The Permanent Portfolio Allocation
Permanent Portfolio Historical Returns
Between Browne’s radio shows, books and the extra information I wrote you’ll have a thorough understanding of this approach to investing so you can make an educated decision if it is right for you.
If that’s still not enough then you can read articles with the “permanent portfolio” tag on this site:
Permanent Portfolio Tagged Articles
Between the radio shows, Browne’s books and the FAQs you will know just about all there is to be known about implementing the Permanent Portfolio strategy. These basics will provide a solid foundation to grow and protect your money.
about 1 month ago
I just wanted to thank you again for creating this blog and keeping it around. I check back now and then to see if there is a new post, but it is mostly nice to see the consistent message. This site is a remarkable asset.
about 1 month ago
Thanks for the nice words, Ryan.
about 1 month ago
Enjoy the discussion and am interested in implementing an investment plan based on these ideas, but can’t get past plunking a bunch of money into stocks and gold as these levels.

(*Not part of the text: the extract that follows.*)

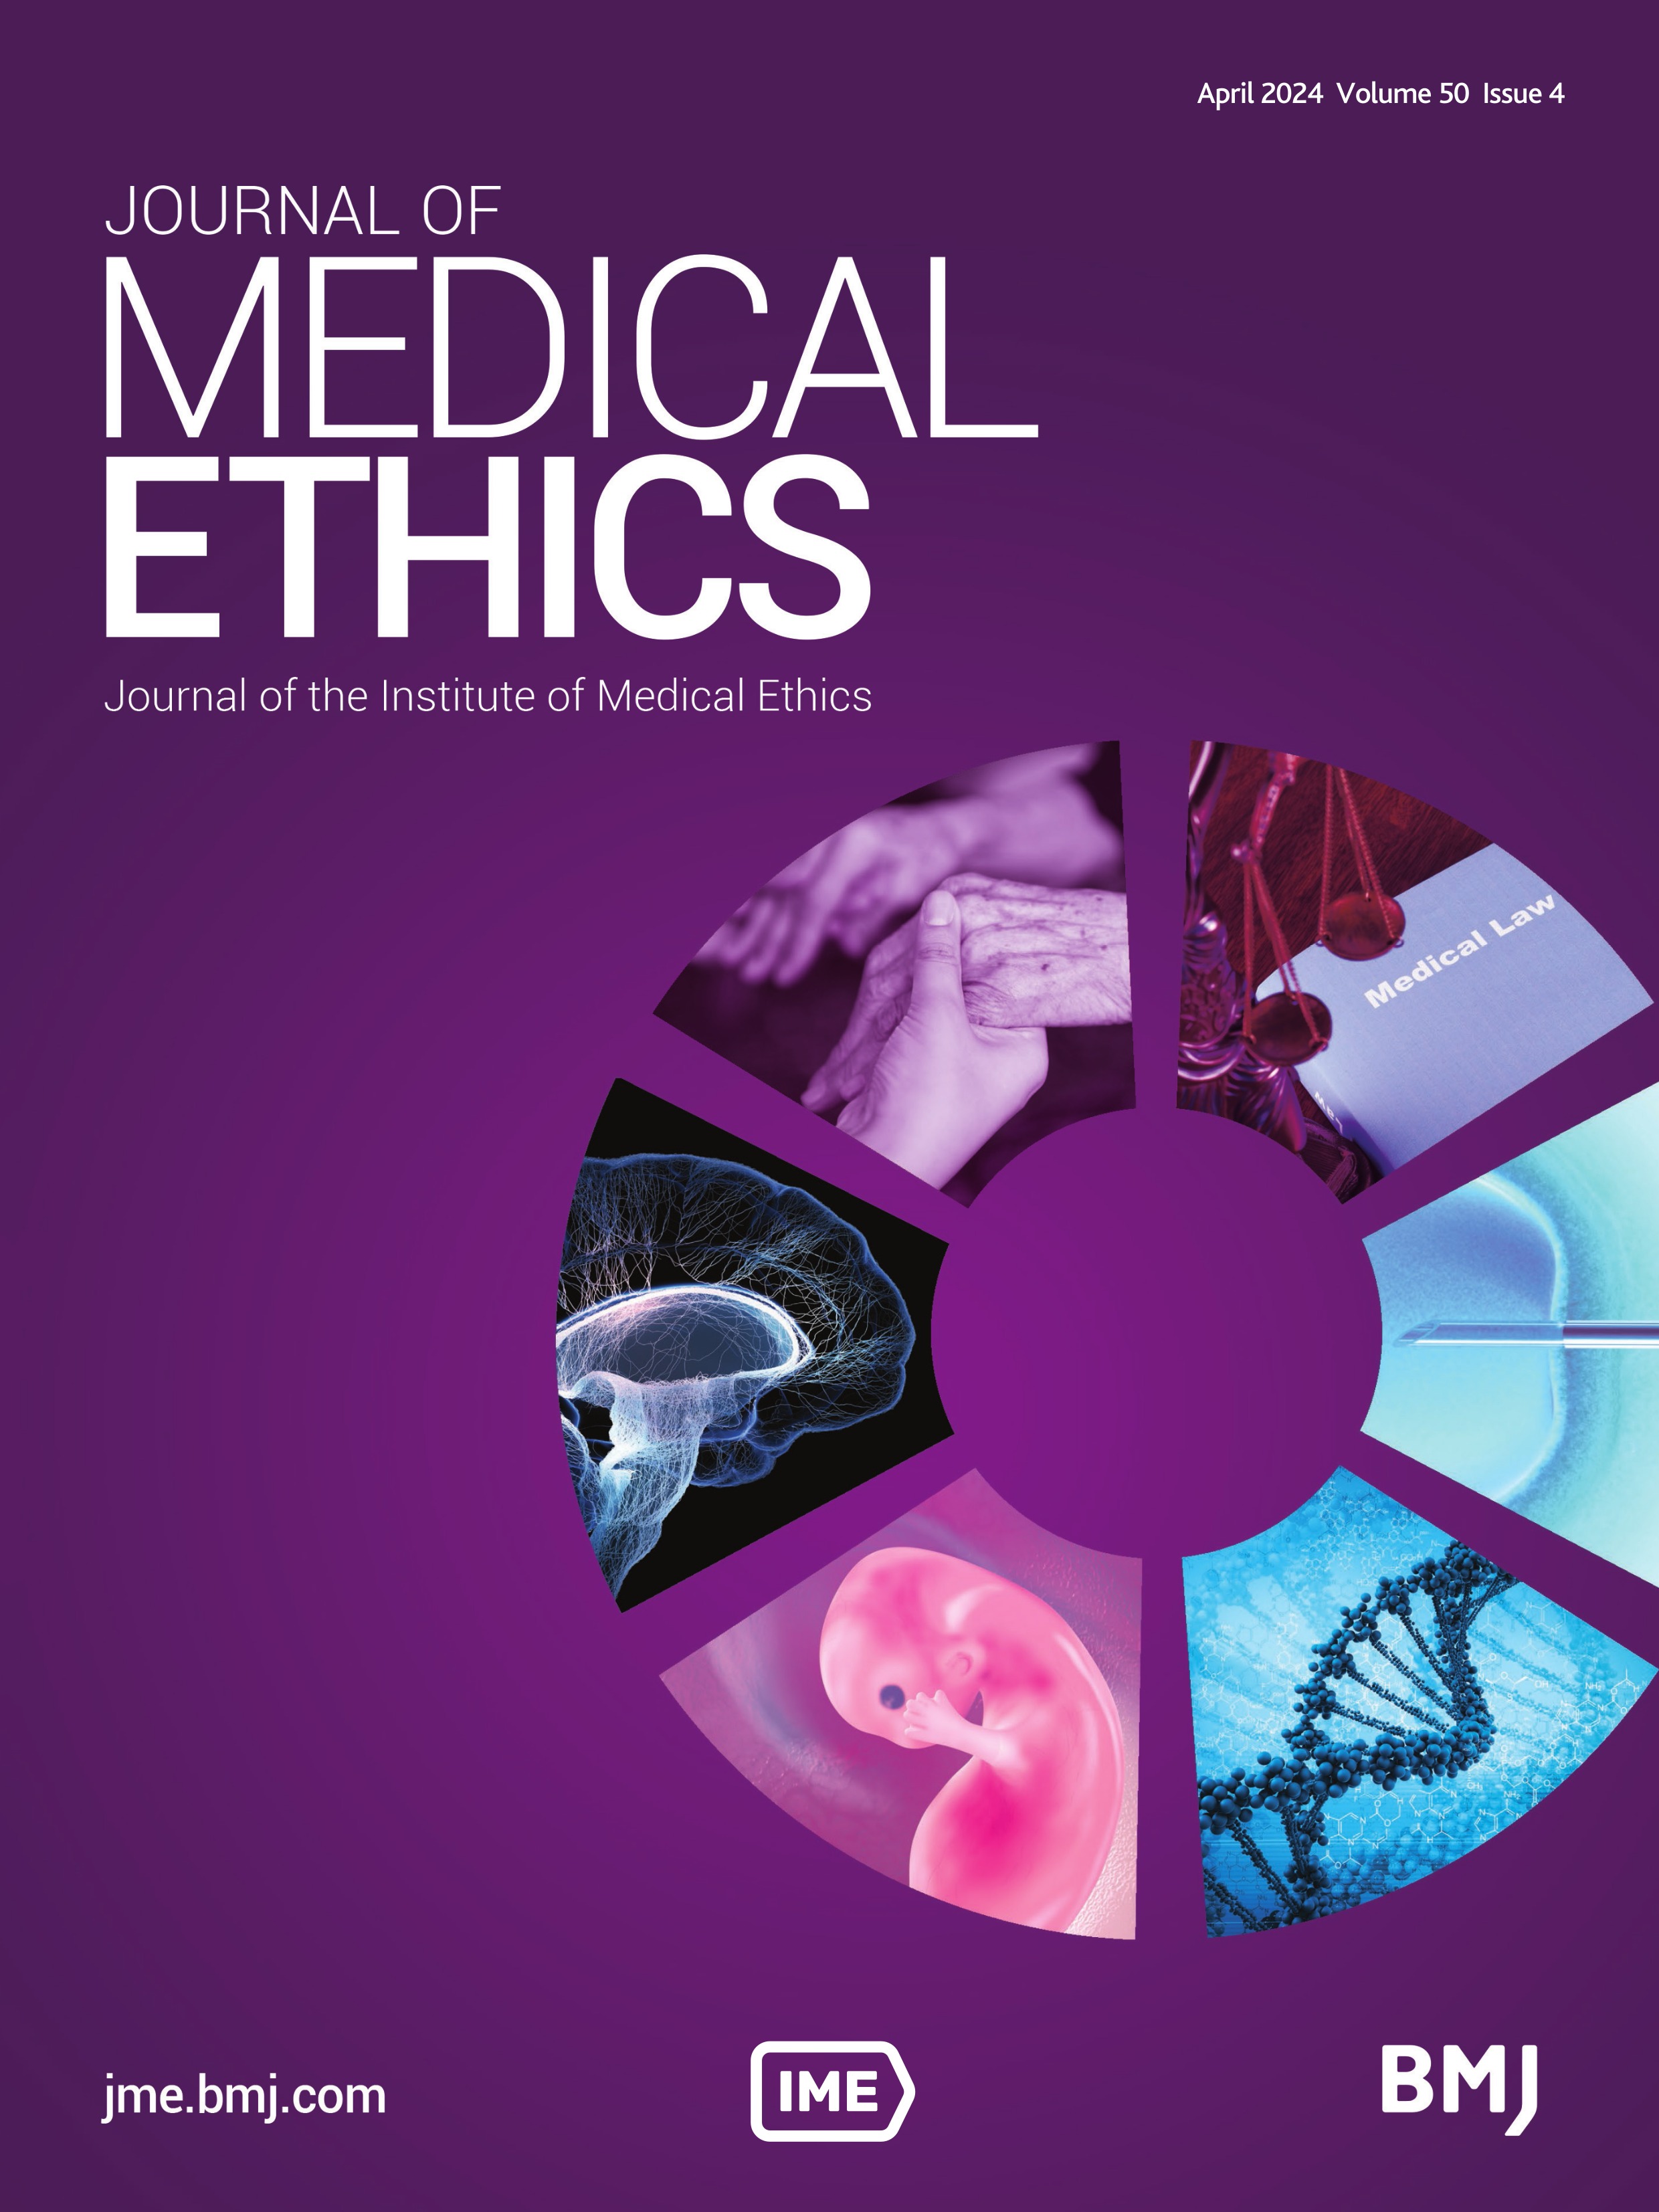 Research ethics and public trust in vaccines: the case of COVID-19 challenge trials

If deflation is coming (not saying it is, but wouldn’t be surprised), not sure the the LT Bonds would be able to compensate for the losses in stocks and gold that would be seen.

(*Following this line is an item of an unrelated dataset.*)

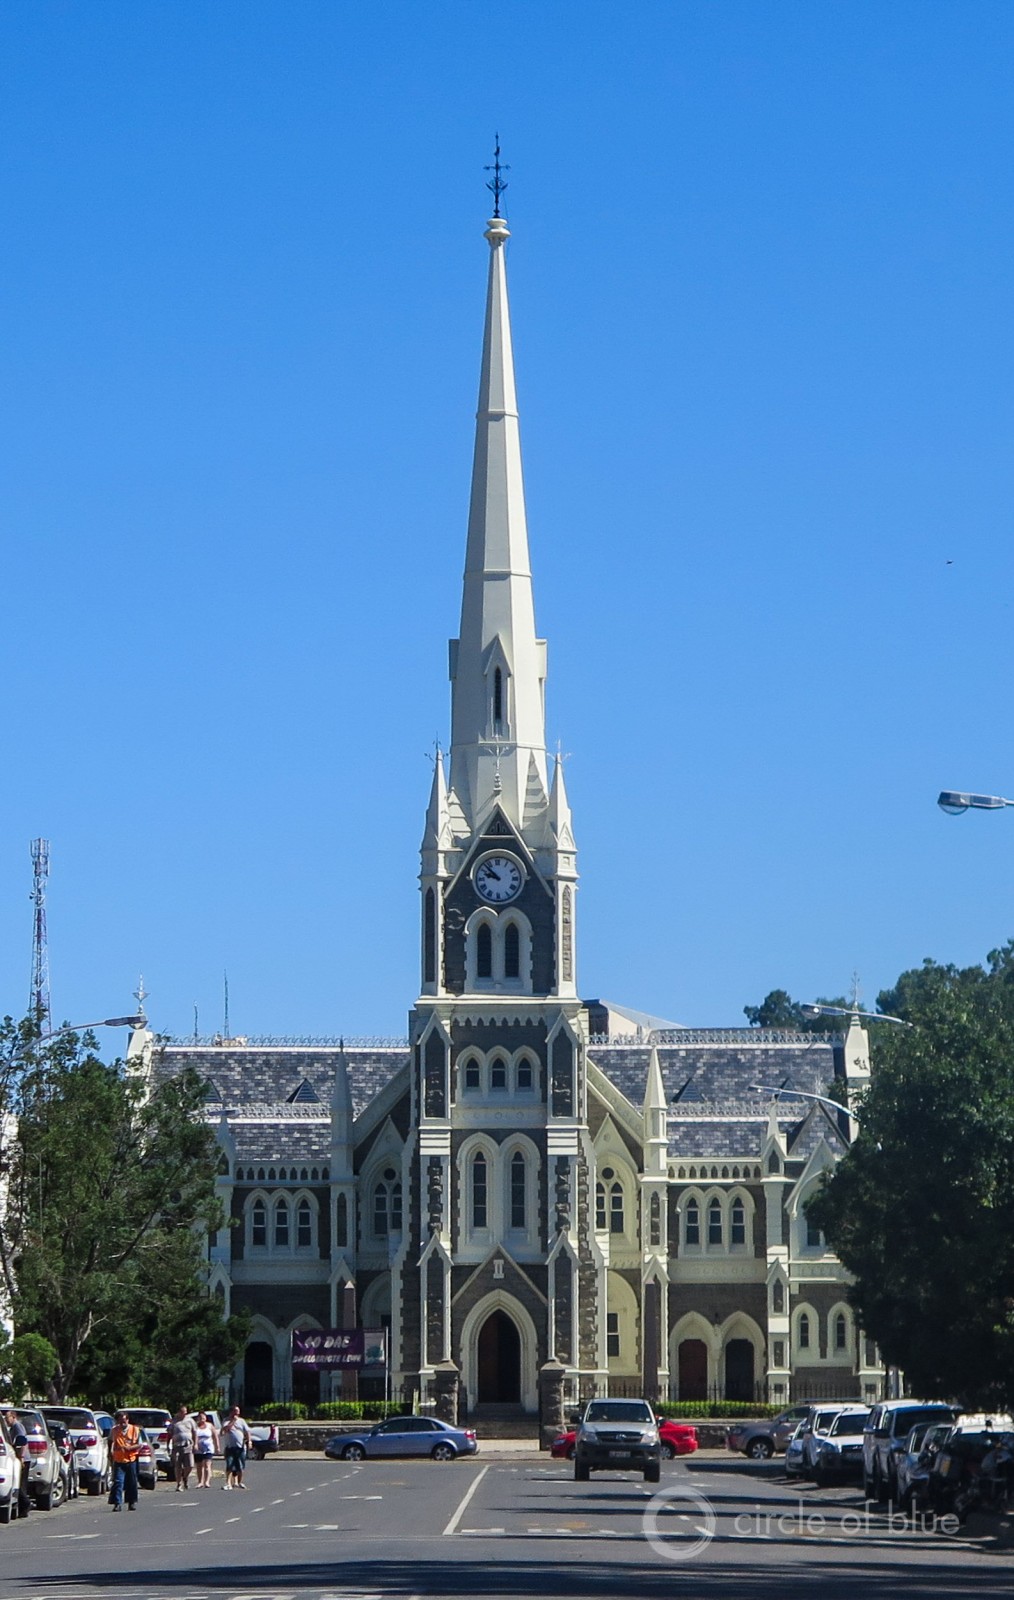 The Dutch Reform church at the center of Graaff-Reinet, a desert Karoo town that is South Africa’s fourth oldest.

Looking at the historical results, I don’t think that is a scenario that the portfolio has faced up to now.
I know you have heard this all before…
Keep up the good work.
about 1 month ago
J,
You may like this recent post that discusses what you are asking:
http://crawlingroad.com/blog/2010/01/12/what-asset-will-do-best/
Last year I was reading advice telling people to avoid stocks because they were over priced and the Dow would drop to something like 4000. Stocks instead posted almost 30% gains. In 2008 I was reading advice saying inflation was coming when gas was around $4 a gallon and avoid Long Term bonds. Long Term bonds posted 30% gains. In 2007 I was reading advice telling people to diversify into real estate and stocks because bonds were a drag on portfolio performance. In that year the real estate market started to crash.
I could go on, but I think I’ve made the point. The markets are not predictable. I don’t care how many PhDs a person has, how many books they’ve written, how many magazine columns they’ve penned or how many interviews they’ve given on CNBC. Nobody can predict the future.

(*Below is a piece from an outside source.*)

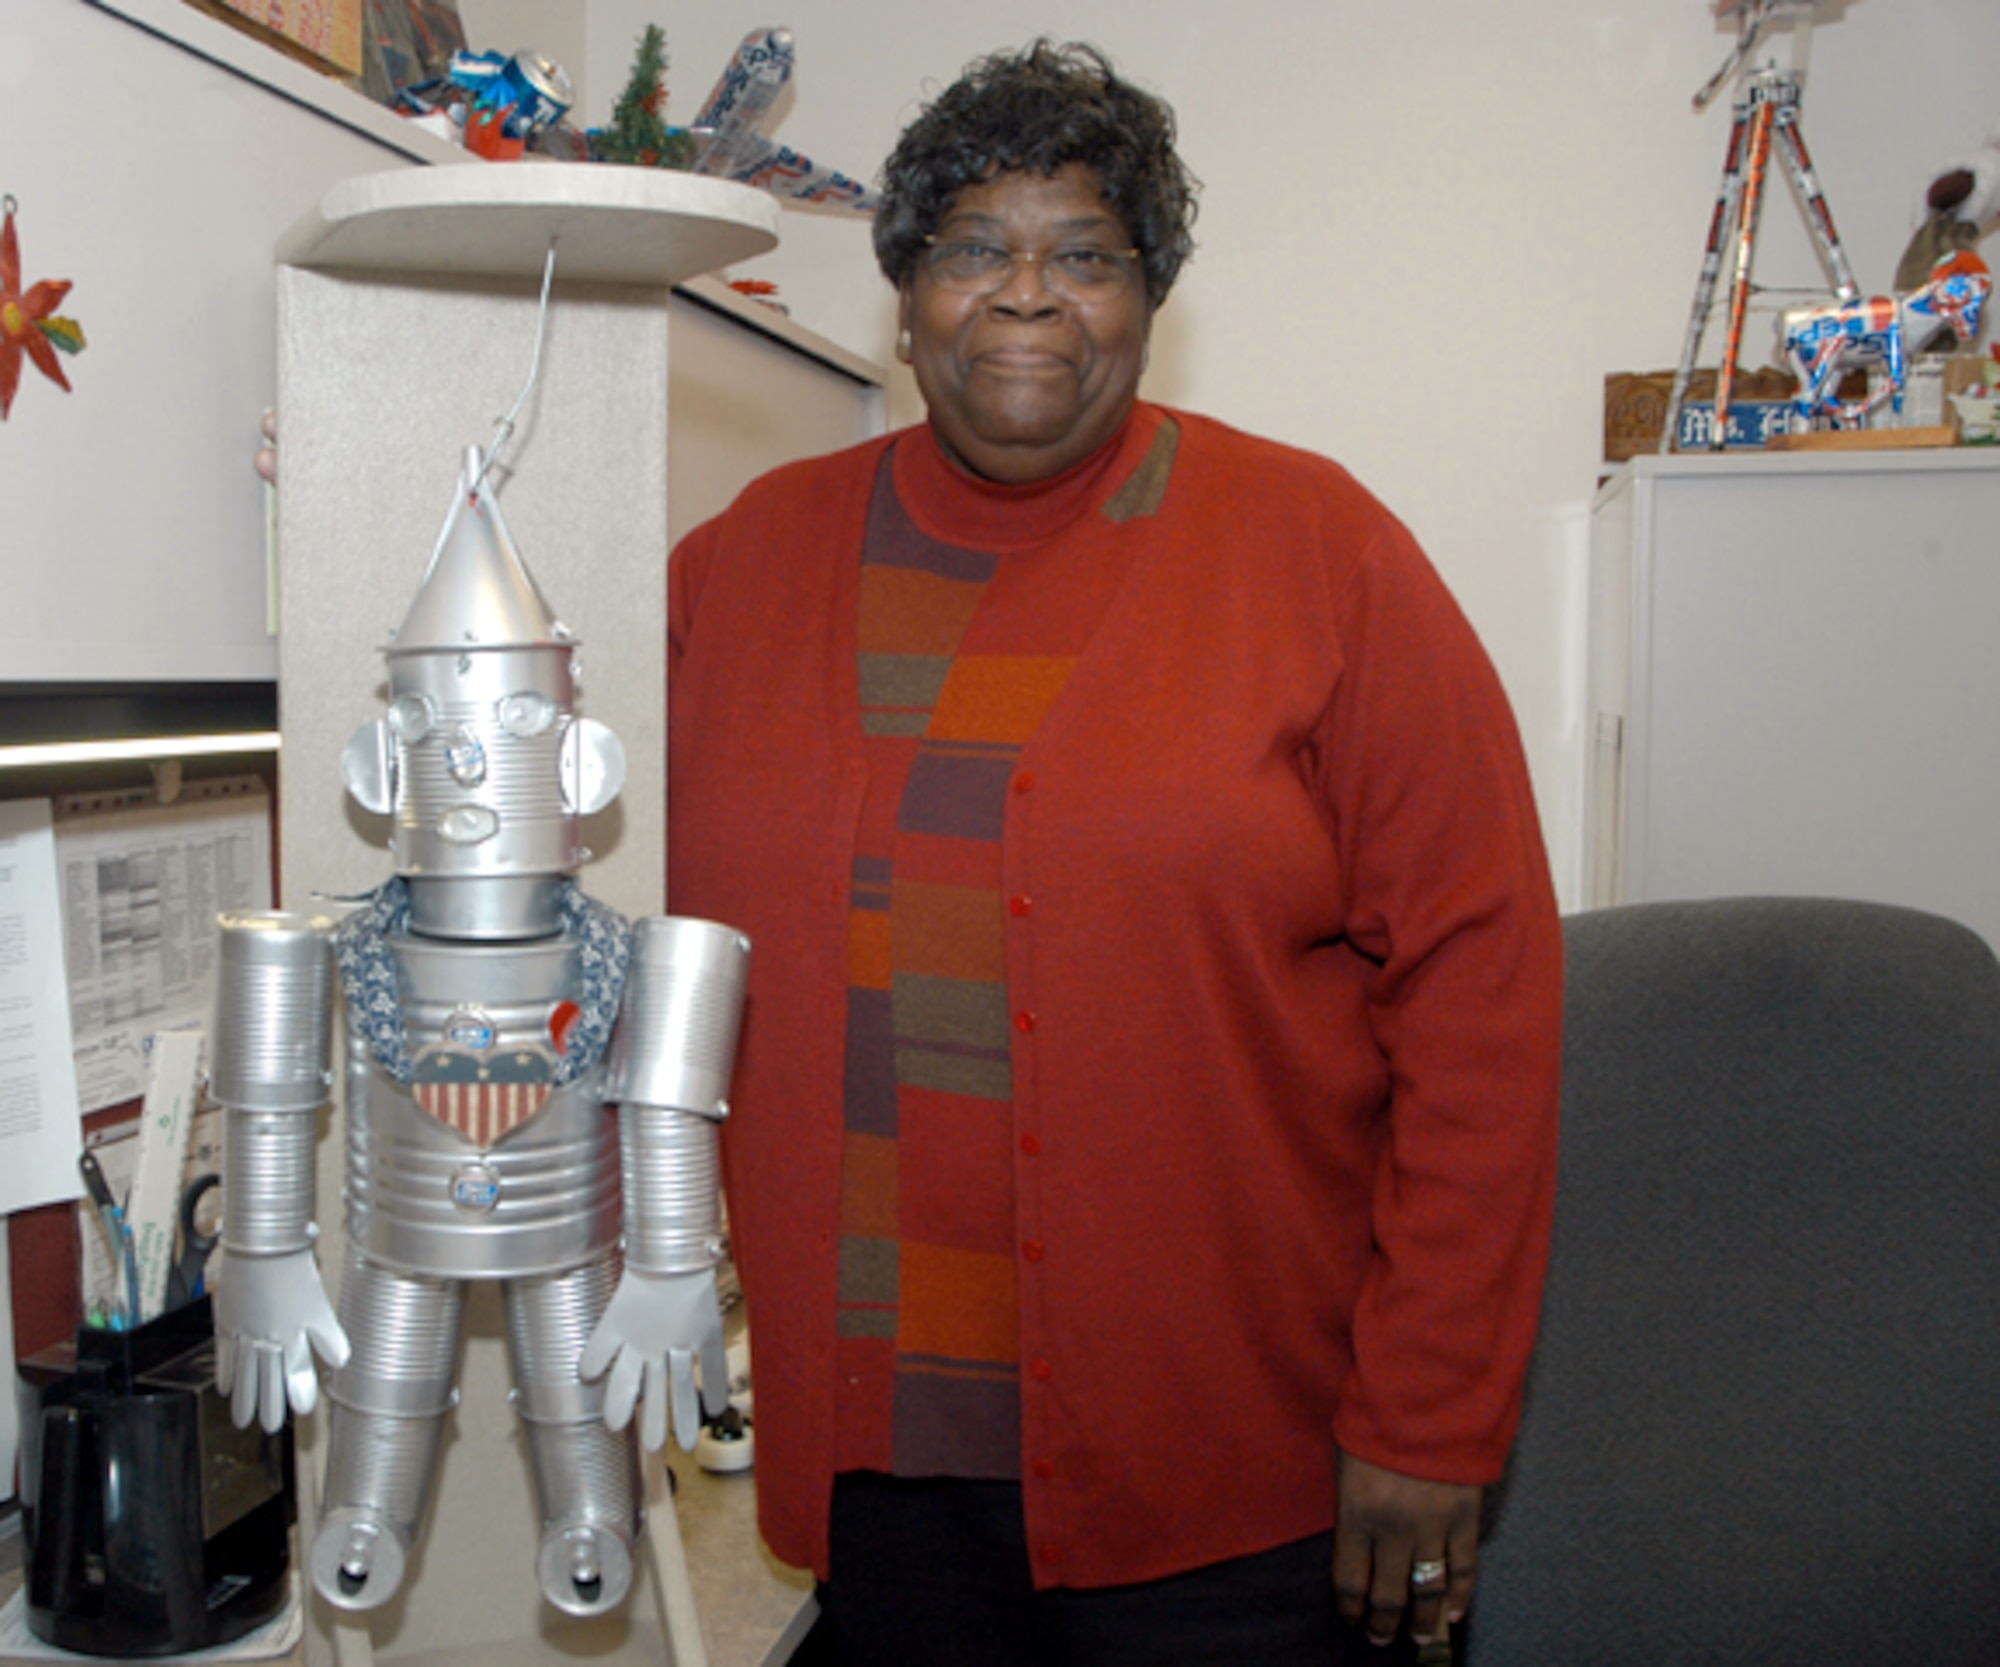 ANDREWS AIR FORCE BASE, Md. -- Helen Walker displays a true tin man, her favorite personal can creation.  Walker uses all types of cans and recycled materials to create a variety of sculptures.  She is the 89th Civil Engineer Squadron's maintenance flight quality assurance evaluator.  (U.S. Air Force photo by Bobby Jones)

It’s possible that stocks and gold could fall in price. But it’s also possible that they won’t. It may seem counterintuitive, but if you own all the assets all the time you are actually safer vs. concentrating your bets. On a concentrated bet if you are wrong you can lose a tremendous amount of money. By distributing your investments however you mitigate the damages and are far less likely to encounter a “black swan” type event that does serious damage to your net worth.
There are no guarantees in life, but diversifying your savings is usually the best course of action.
about 1 month ago
Thanks for the informative site. What do you think about using some basket of commodities instead of or in addition to some gold as a way of providing more diversification for this portion of the portfolio?
about 1 month ago
Gold works the best. It’s a commodity and it’s also a monetary metal so you get two types of protection against inflation. Browne talked about this same question in one of his shows, I think October, 24, 2004. Commodities can have bull and bear markets that have nothing to do with threats of inflation. 2008 for instance saw commodities fall through the floor. But gold was up about 5% because when banks were teetering on collapse, and trillions of dollars in money being used for bail outs, people would rather own gold if they think inflation is going to be bad.
Also, I just don’t think you can diversify better than gold for a hard asset. When currencies are having problems, people think gold and not a basket of commodities. Finally, most commodity exposure is with opaque commodity futures funds and these can have many risks hidden inside of them. Gold is really simple to understand. You can own it physically or use a fund to get exposure if you need to. But it’s simple to understand and store vs. barrels of oil, wheat, etc.